I chose not to add the extra percussion, or to "...over-orchestrate....plain, melodic material, simple accompaniment, and simple counterpoint...(the) decision's made and it's what I wrote in the first place. I'm quite pleased about that."(Process and Doing) Intuitive decisions again; first choices in fact.

I choose to "cut and paste" in the old fashioned way by photocopying the first "...two pages because the beginning, the first 8 or 9 bars, is re-stated and I'm not going to write it all out again." I am sure of this and it leads comfortably into the coda where the

...ending needs to have a little more of the beginning and I've played with it a little bit - with the sketch from 112 to 118 will show how I played with it just a little bit...it has to tinkle just that little bit more. (Process and Doing).

What in fact happens is that the beginning ideas blend into the colours of the chorale evident not long after the work opens, and which returns in a form to conclude the piece. "Here the music seems to come together to speak its final farewell and allow itself its final remembrance." (MST Review Journal)

Even the melismas are more scalic and not as leaping around and when they come back like the beginning, they're more finely structured - they don't leap as much - they leap a little bit, but not much and then it just...comes to rest. (Reflection and Description)

I've come down (from having dinner) and in the last 20-25 minutes I've finished the piece. I've just that little bit to do; I'll go through and have a look at some things...the last check of things. I'm quite happy with the way it looks so far. There's a couple of balance things that I'm not sure of and I'm a little concerned about how the piano thing will go - I guess it's the conductor's role really. All finished! (Process and Doing)

I am unsure how long the work in embryo, the subconscious considerations and rumination over it, took to be finalised so that it made itself known to me. The wondering and reflecting on my sister's death that lead to the act of composing took much longer than the sketch itself I'm sure. As noted above, I began writing the sketch itself on the 14th of February 2004 but the process of completing the manuscript score itself didn't take place until March of that year. Having prepared the manuscript paper - no more than half a day's work - it took all of the 31st of March, a very long day but only one day, to place all of the dots on the page and make the story into a form that comes ever–closer to being made available to tell.

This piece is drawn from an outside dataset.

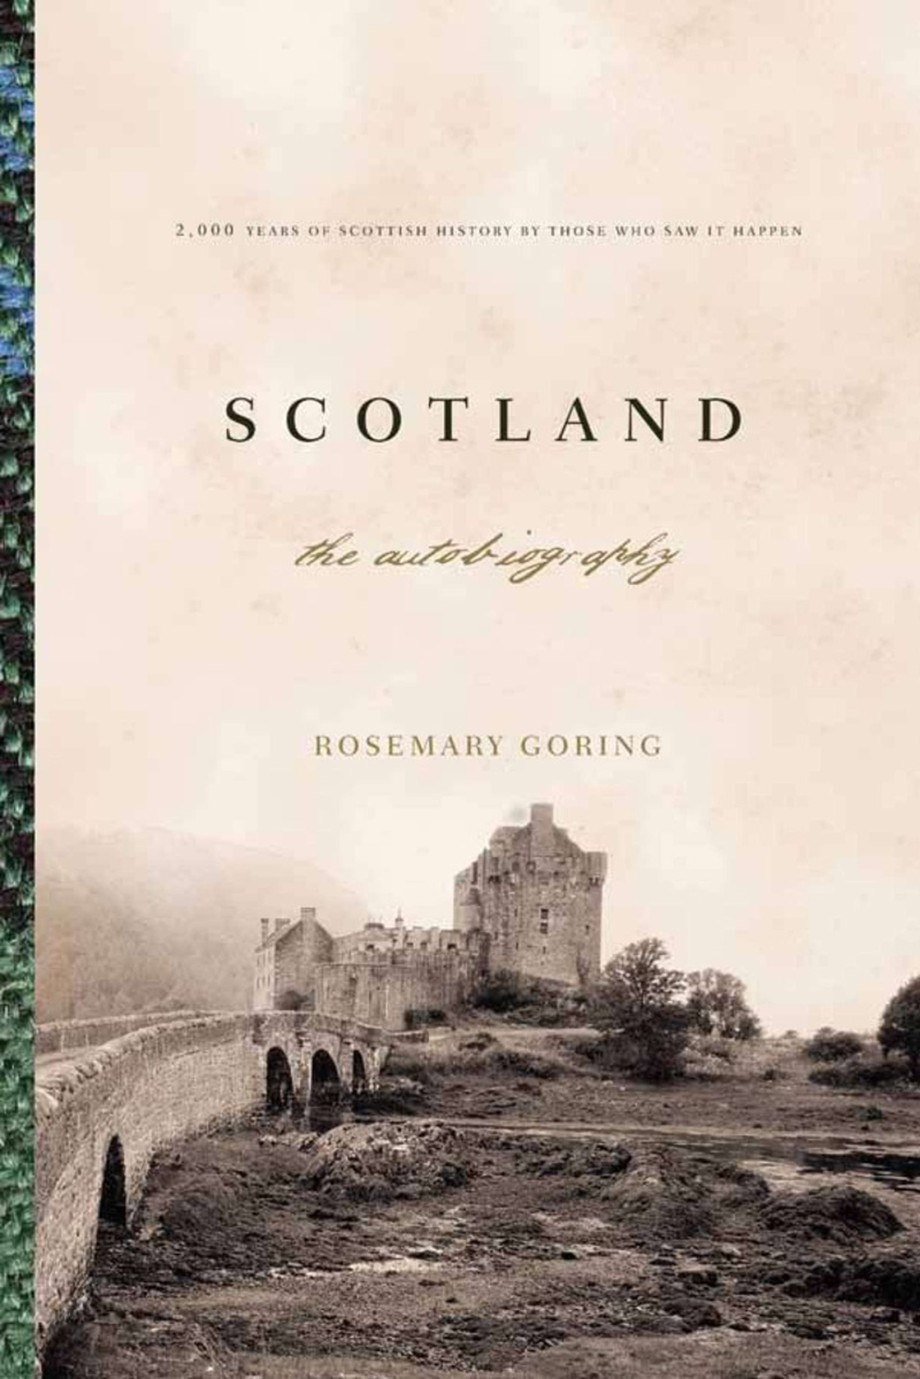 Scotland: An Autobiography 2,000 Years of Scottish History by Those Who Saw It Happen

The final process of engraving on the computer is the most mundane for me. I would happily hand it off to a copyist but I find it is often the final stage of review - checking note lengths, refining rehearsal numbers and so forth - and so I am becoming more comfortable with that mechanical activity and finding it less onerous over time. It allows me to ensure that what I give to the conductor and the ensemble is the best I can offer for their use.